HOW TO COMPLETE THIS TASK.
Down to the last line below, write out every line exactly, starting with the one that contains "SP registra 487.654" and leaving out the pictures.

INFORMATION SHOWN.
____

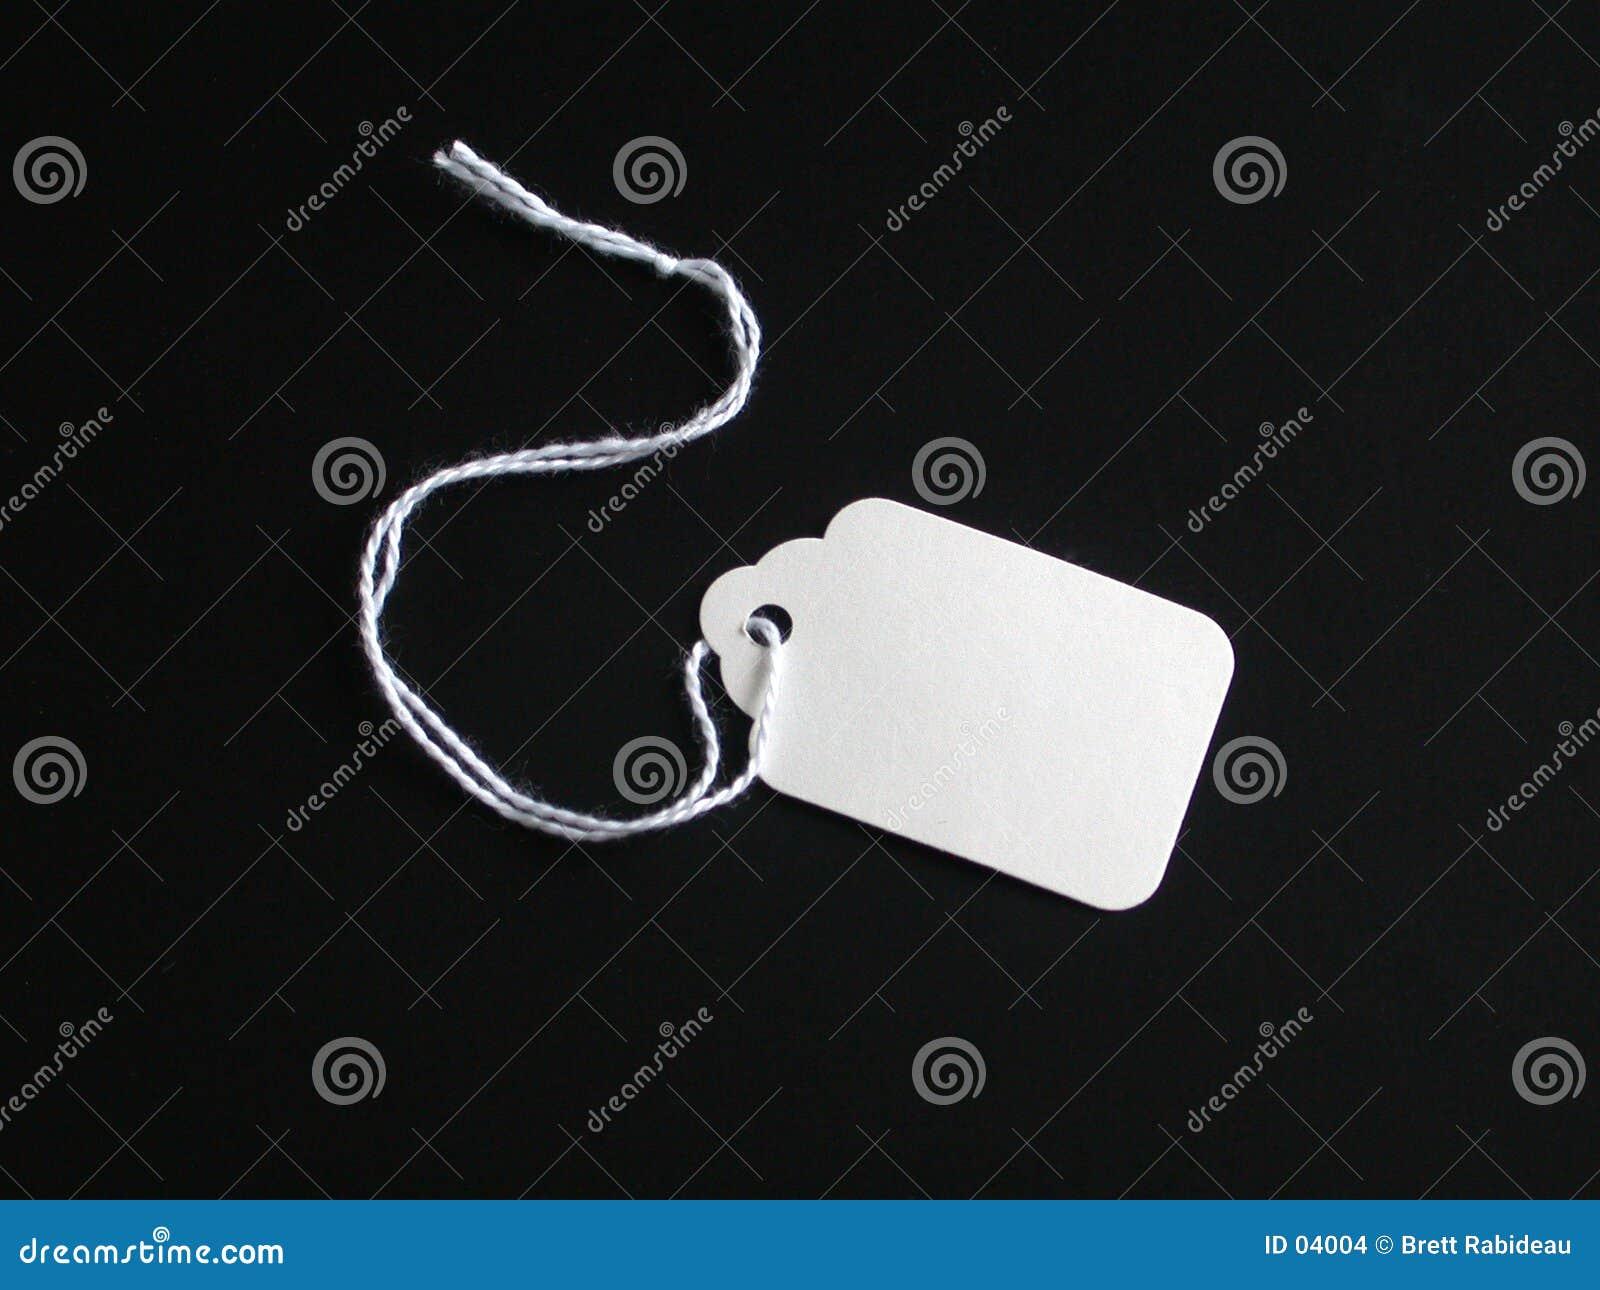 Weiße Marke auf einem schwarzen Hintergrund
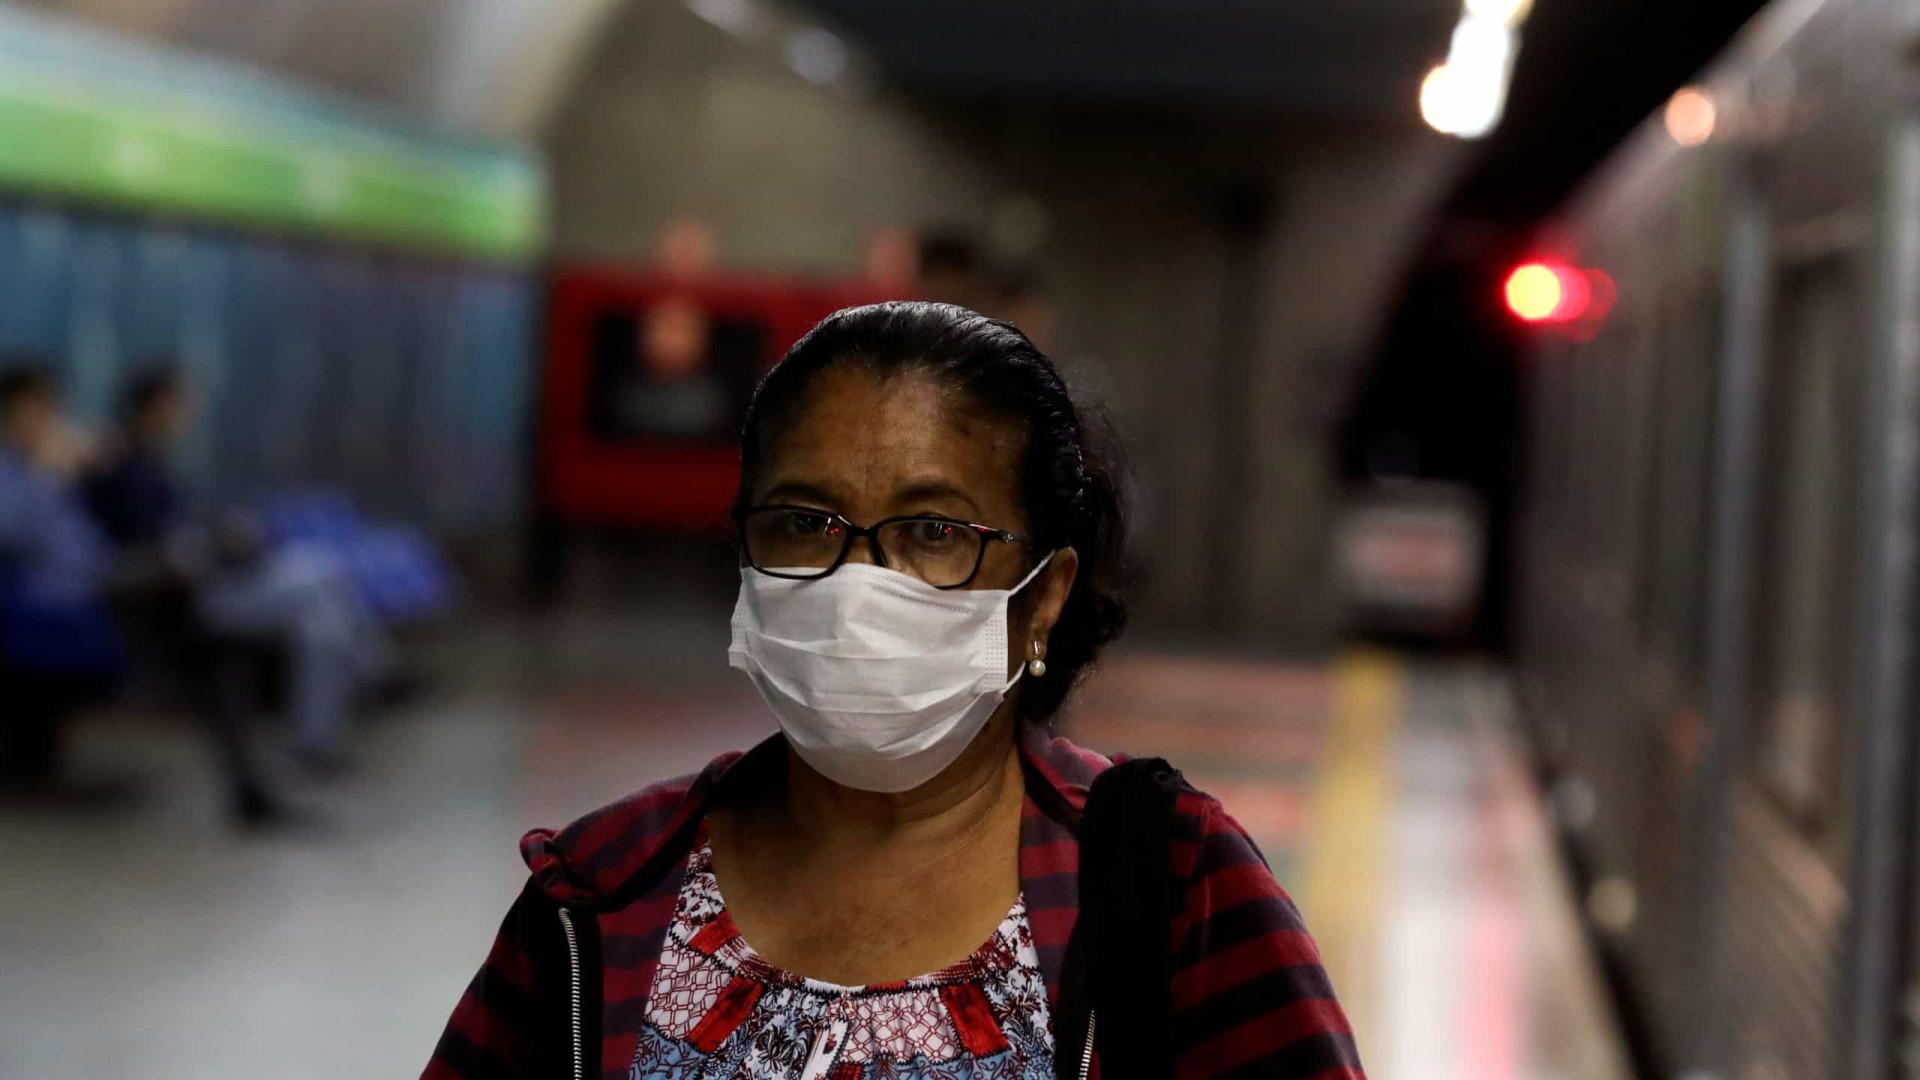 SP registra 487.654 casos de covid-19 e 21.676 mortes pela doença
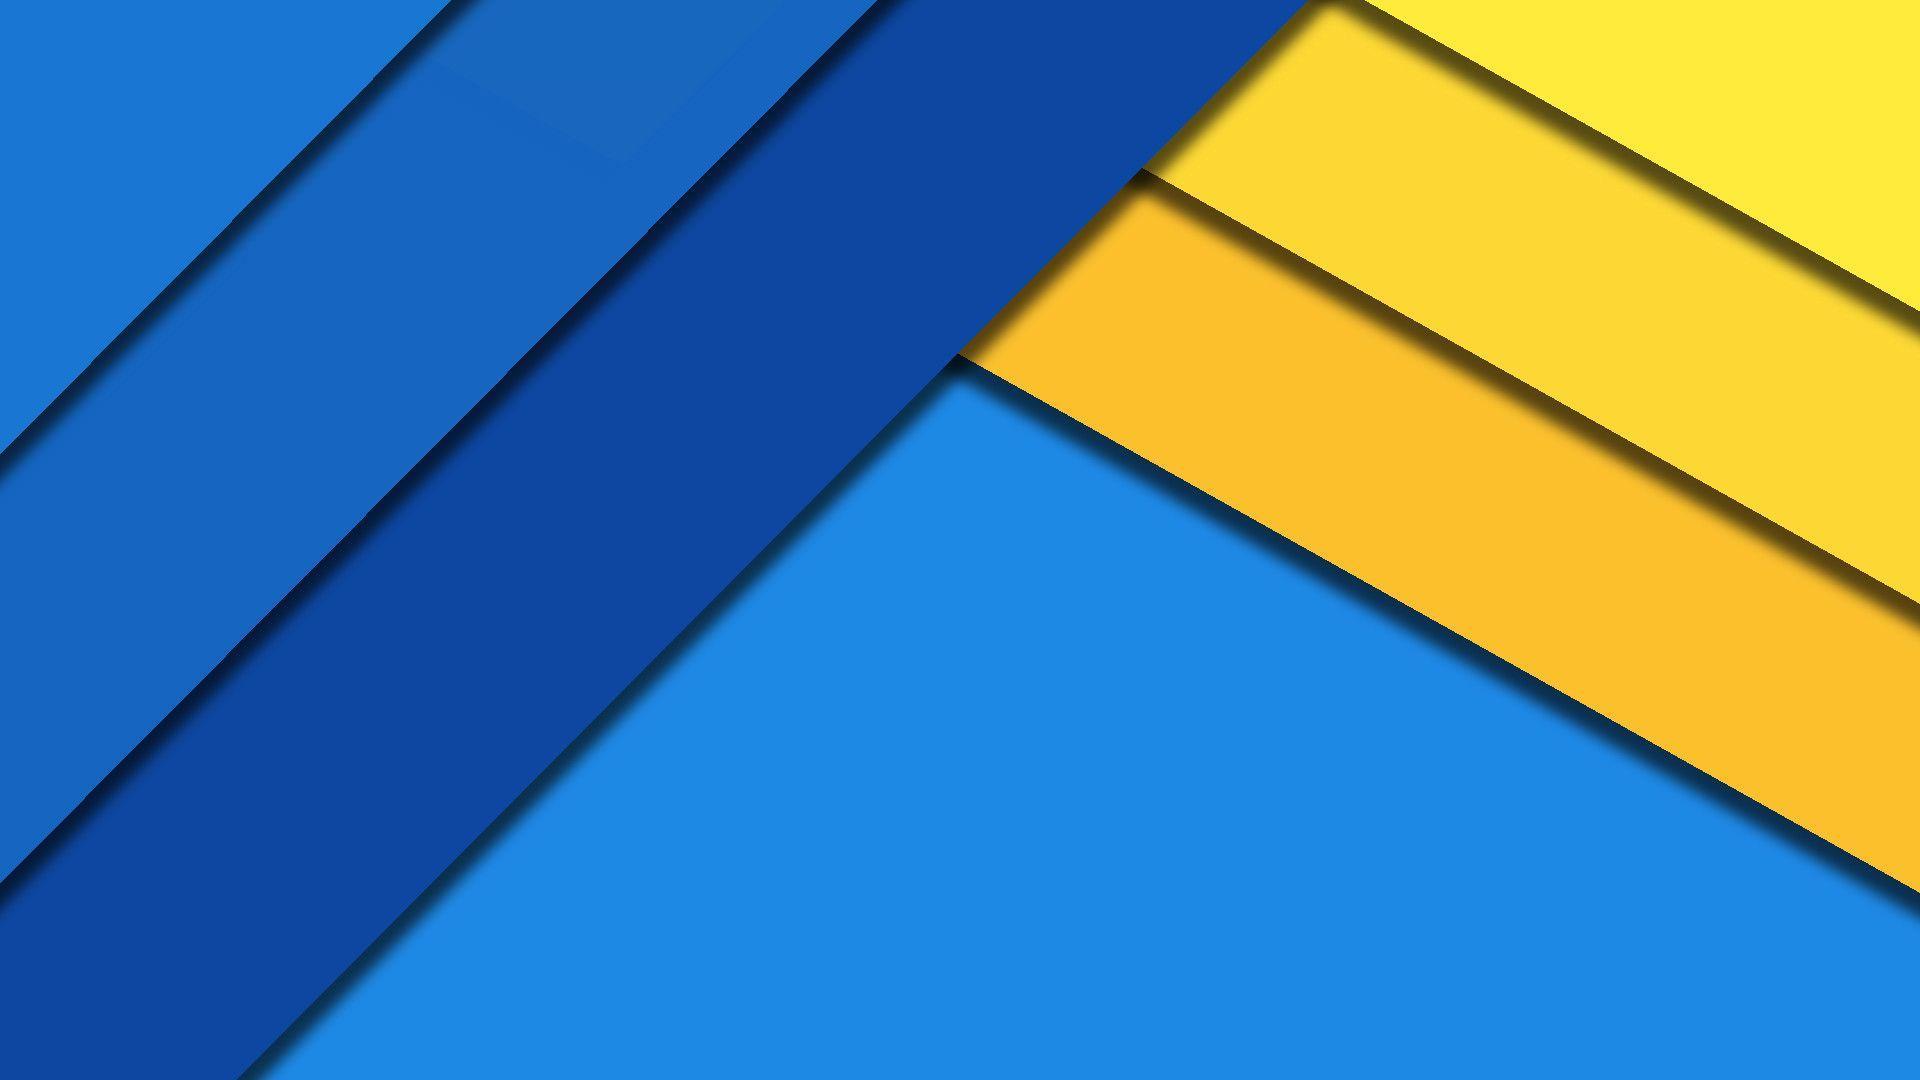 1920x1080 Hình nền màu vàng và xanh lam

____

YOUR RESPONSE.
 SP registra 487.654 casos de covid-19 e 21.676 mortes pela doença
 1920x1080 Hình nền màu vàng và xanh lam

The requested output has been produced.